Given information
Content starts

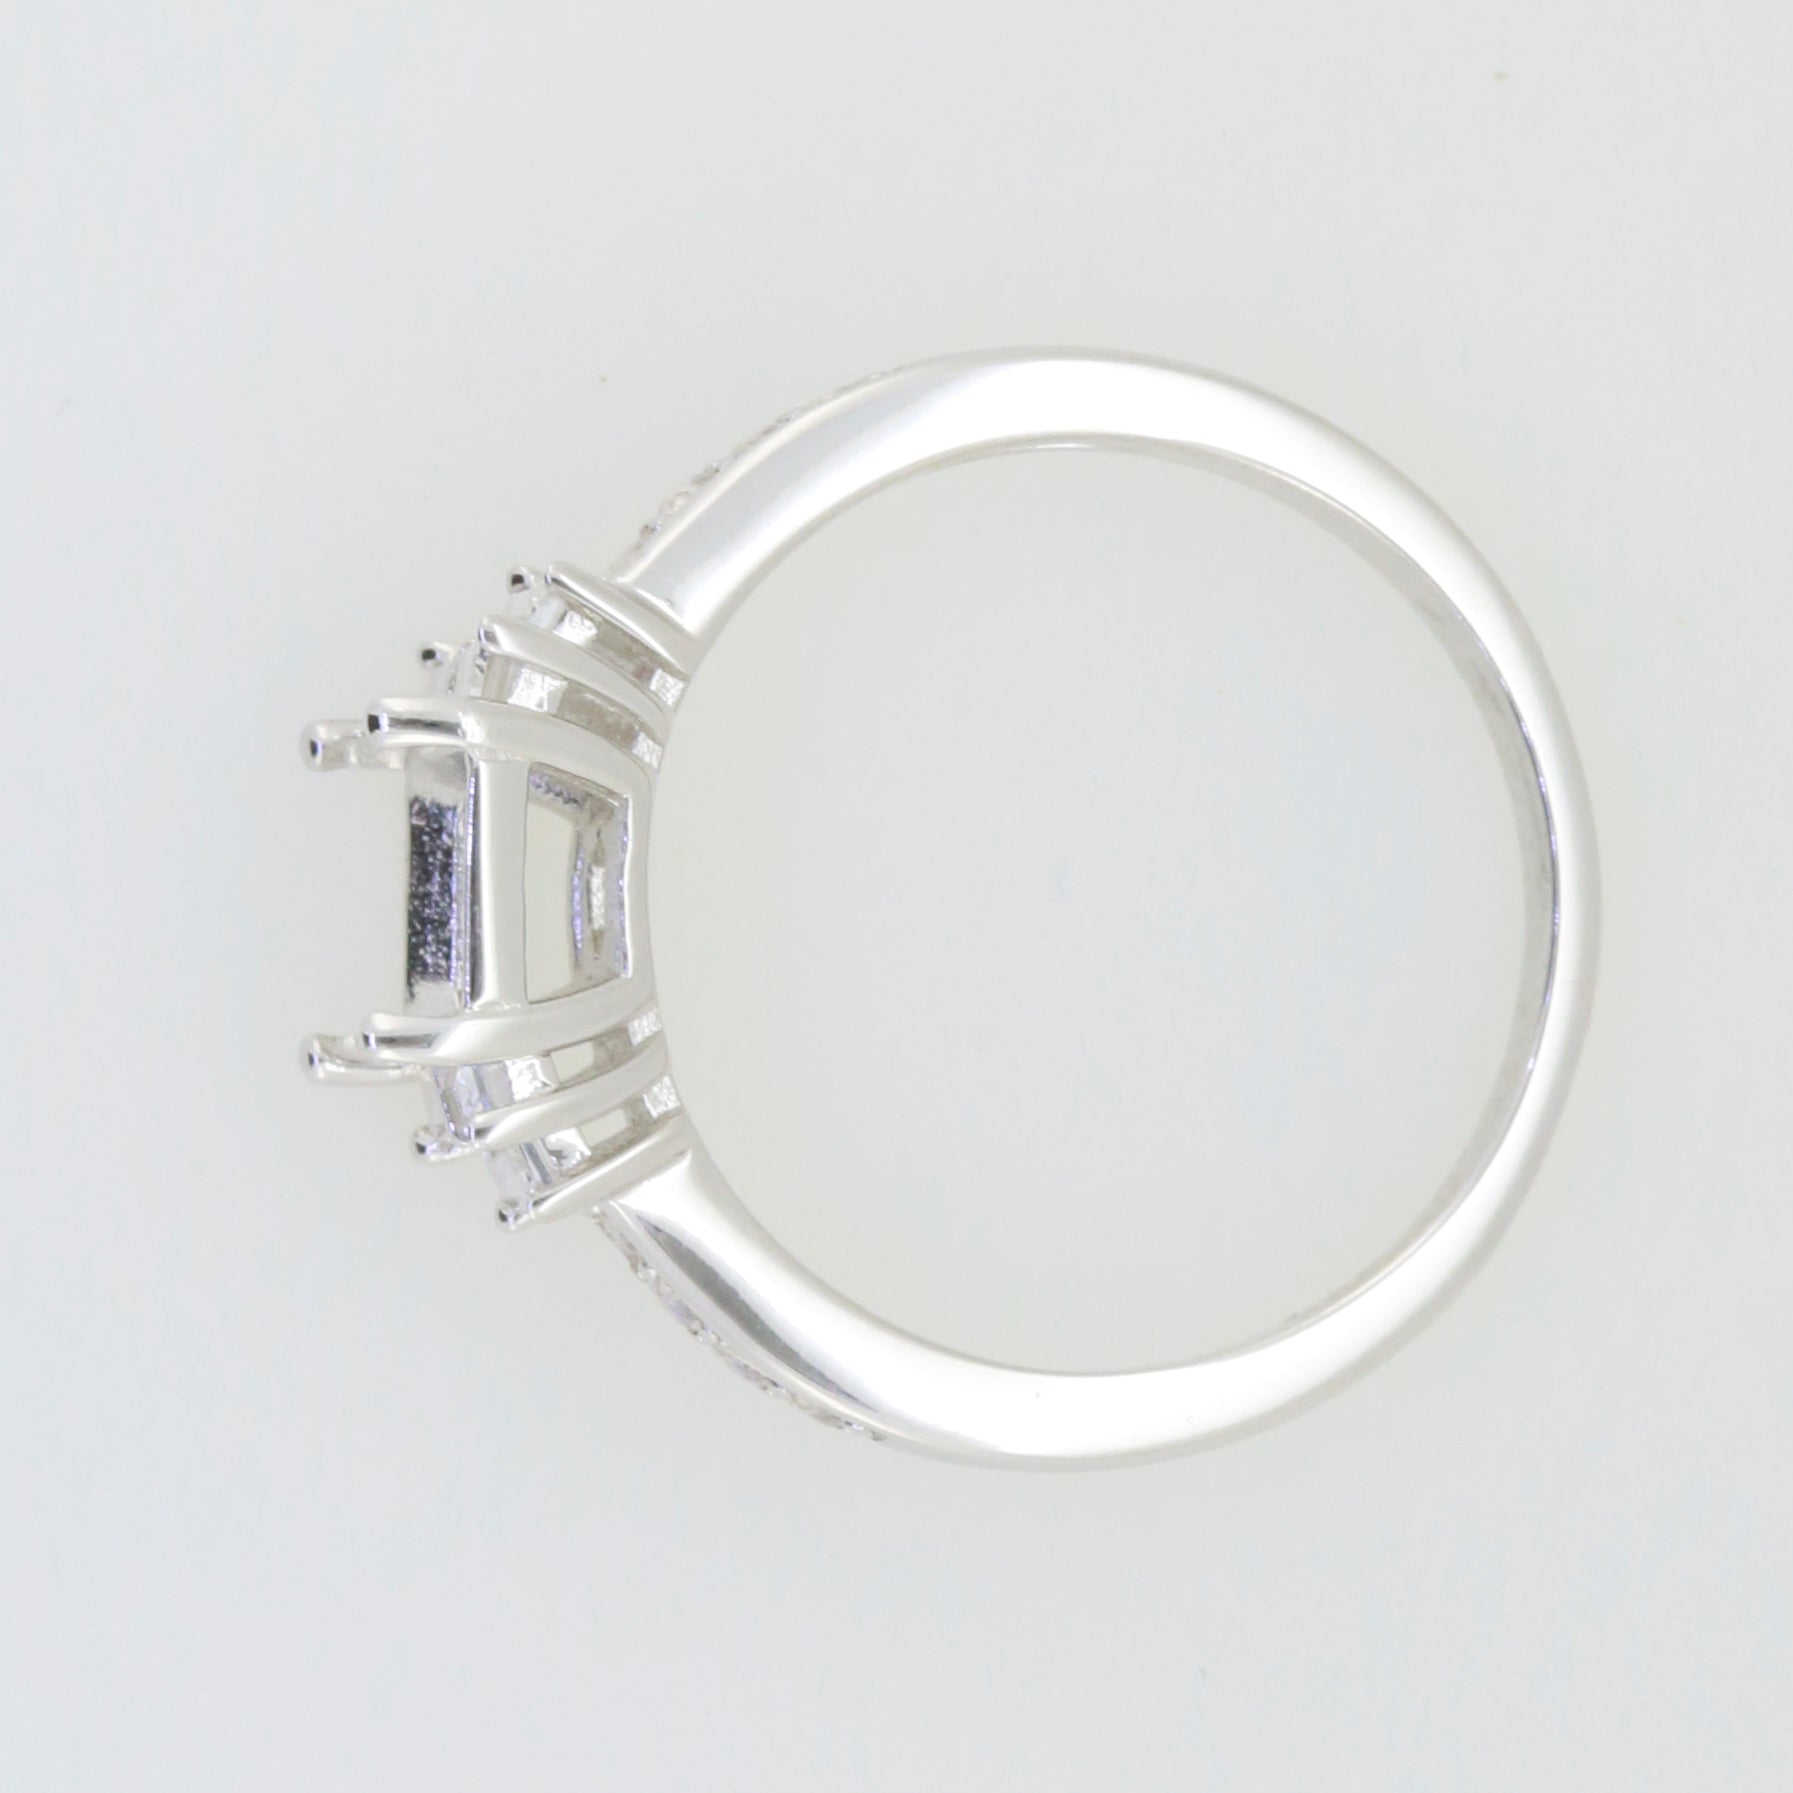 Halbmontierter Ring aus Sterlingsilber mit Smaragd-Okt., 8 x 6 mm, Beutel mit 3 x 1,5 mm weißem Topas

Content ends
Content starts

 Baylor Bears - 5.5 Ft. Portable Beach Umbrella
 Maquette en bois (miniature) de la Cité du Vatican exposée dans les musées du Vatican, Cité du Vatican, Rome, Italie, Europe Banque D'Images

Content ends
Content starts

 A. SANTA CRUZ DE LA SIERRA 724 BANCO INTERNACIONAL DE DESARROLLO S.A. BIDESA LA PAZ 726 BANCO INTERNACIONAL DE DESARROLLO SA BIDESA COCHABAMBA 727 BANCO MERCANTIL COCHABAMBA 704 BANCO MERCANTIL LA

Content ends

Work request
Your task is to retype the entries verbatim, starting with the line that holds "Baylor Bears - 5.5" and stopping after the line that holds "Maquette en bois".

Response area
 Baylor Bears - 5.5 Ft. Portable Beach Umbrella
 Maquette en bois (miniature) de la Cité du Vatican exposée dans les musées du Vatican, Cité du Vatican, Rome, Italie, Europe Banque D'Images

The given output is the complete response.